Fig. 22 shows a schematic diagram of a headphone device 2200 configured to perform audio signal processing based on hearing compensation data of a particular user. In fig. 22, components of device 2100, such as signal processing circuit 2140, are integrated in a headset device 2200. The headphone device 2200 includes a microphone 2210, the microphone 2210 being mounted to capture the user's voice as well as ambient sounds. In a particular example, the headphone device 2200 includes one or more audible devices, such as audible devices D10L and D10R, each of which may include or be coupled to an instance of the signal processing circuit 2140. To illustrate, the audible device D10L may include or be coupled to the signal processing circuit 2140A, and the audible device D10R may include or be coupled to the signal processing circuit 2140B.

Fig. 23 shows a schematic diagram of an augmented reality (e.g., virtual reality, mixed reality, or augmented reality) headset 2300 configured to perform audio signal processing based on hearing compensation data for a particular user. In fig. 23, the headset 2300 includes a visual interface device 2302 mounted in front of the user's eye to enable display of an augmented reality or virtual reality image or scene to the user while wearing the headset 2300. The headset 2300 also includes one or

more microphones

2304, 2306 to capture ambient sounds (e.g., the external microphone signal XM10 described above), capture error signals (e.g., the internal microphone signal EM10 described above), and so on. The headset 2300 also includes one or more instances of the signal processing circuitry 2140 of fig. 20, such as

signal processing circuitry

2140A and 2140B. In a particular example, a user of the headset 2300 may be engaged in a conversation with a remote participant, such as via a video conference using the

microphones

2304, 2306, audio speakers, and the visual interface device 2302.

Any of the systems described herein may be implemented as (or as part of) an apparatus, device, assembly, integrated circuit (e.g., a chip), chipset, or printed circuit board. In one example, such a system is implemented within a cellular telephone (e.g., a smartphone). In another example, such a system is implemented within an audible device or other wearable device.

Unless expressly limited by context, the term "signal" is used herein to indicate any of its ordinary meanings, including the state of a storage location (or set of storage locations) as expressed on a wire, bus, or other transmission medium. The term "generated" is used herein to indicate any ordinary meaning thereof, such as being calculated or otherwise generated, unless clearly limited by the context. Unless expressly limited by context, the term "calculating" is used herein to indicate any ordinary meaning thereof, such as calculating, evaluating, estimating, and/or selecting from a plurality of values. Unless expressly limited by context, the term "obtaining" is used to indicate any of its ordinary meanings, such as calculating, deriving, receiving (e.g., from an external device), and/or retrieving (e.g., from an array of memory elements). Unless expressly limited by context, the term "select" is used to indicate any ordinary meaning thereof, such as identifying, indicating, applying, and/or using at least one, but not all, of the two or more sets. Unless expressly limited by context, the term "determining" is used to indicate any ordinary meaning thereof, such as deciding, establishing, summarizing, calculating, selecting, and/or evaluating. Where the term "comprising" is used in the present description and claims, it does not exclude other elements or operations. The term "based on" (as in "a is based on B") is used to indicate any of its ordinary meanings, including the following: (i) "originates from" (e.g., "B is a precursor to a"); (ii) "based on at least" (e.g., "a is based on at least B"), and (iii) "equal" (e.g., "a equals B") if the particular context applies. Similarly, the term "responsive to" is used to indicate any of its ordinary meanings, including "responsive to at least". Unless otherwise specified, the terms "at least one of a, B and C", "one or more of a, B and C", "at least one of a, B and C" and "one or more of a, B and C" indicate "a and/or B and/or C". Unless otherwise indicated, the terms "each of a, B, and C" and "each of a, B, and C" indicate "a and B and C".

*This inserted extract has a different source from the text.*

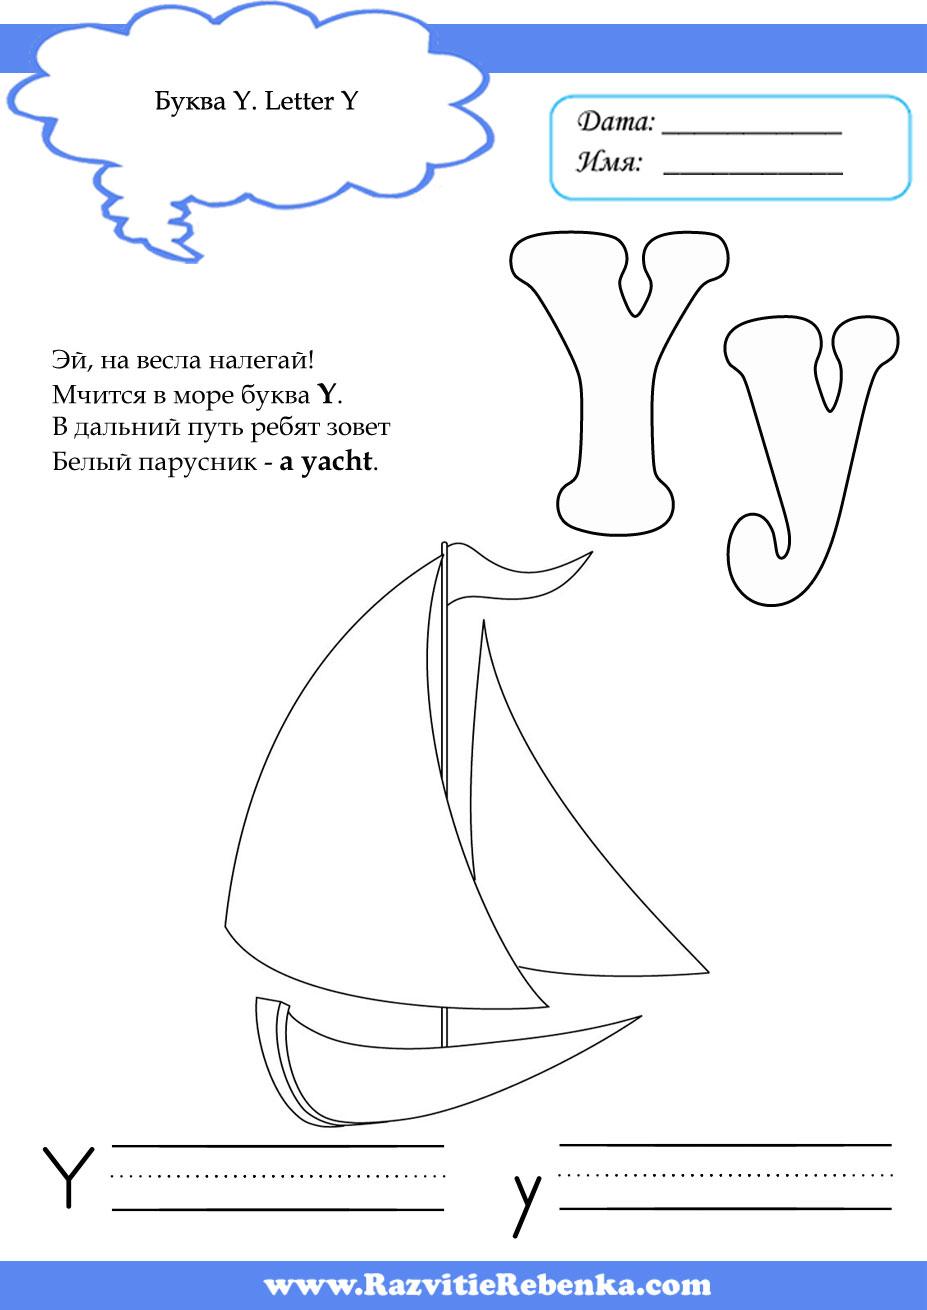 Английский для детей мультфильм - 1e96f

Unless otherwise stated, any disclosure of the operation of a device having a particular feature is also expressly intended to disclose a method having a similar feature (and vice versa), and any disclosure of the operation of a device according to a particular configuration is also expressly intended to disclose a method according to a similar configuration (and vice versa). The term "configured" may be used to refer to methods, apparatus and/or systems as dictated by their particular context. The terms "method," "process," "procedure," and "technique" may be used generically and interchangeably unless the specific context indicates otherwise. A "task" with multiple subtasks is also a method. The terms "device" and "apparatus" may also be used generically and interchangeably unless the specific context indicates otherwise. The terms "element" and "module" are generally used to denote a portion of a larger configuration. The term "system" is used herein to mean any of its ordinary meanings, including "a set of elements that interact for a common purpose," unless expressly limited by context.

Unless introduced by the definite article, ordinal terms (e.g., "first," "second," "third," etc.) used to modify a claim element do not by themselves connote any priority or order of the claim element over another, but are used merely to distinguish one claim element from another having the same name (but for use of the ordinal term). Unless expressly limited by context, each of the terms "plurality" and "set" is used herein to mean an integer number greater than one.

The terms "encoder", "codec" and "encoding system" are used interchangeably to refer to a system that includes at least one encoder configured to receive and encode frames of an audio signal (possibly after one or more pre-processing operations, such as perceptual weighting and/or other filtering operations), and a corresponding decoder configured to produce a decoded representation of the frames. Such encoders and decoders are typically deployed at opposite ends of a communication link. The term "signal component" is used to denote a component of a signal, which may include other signal components. The term "audio content from a signal" is used to denote the representation of the audio information carried by the signal.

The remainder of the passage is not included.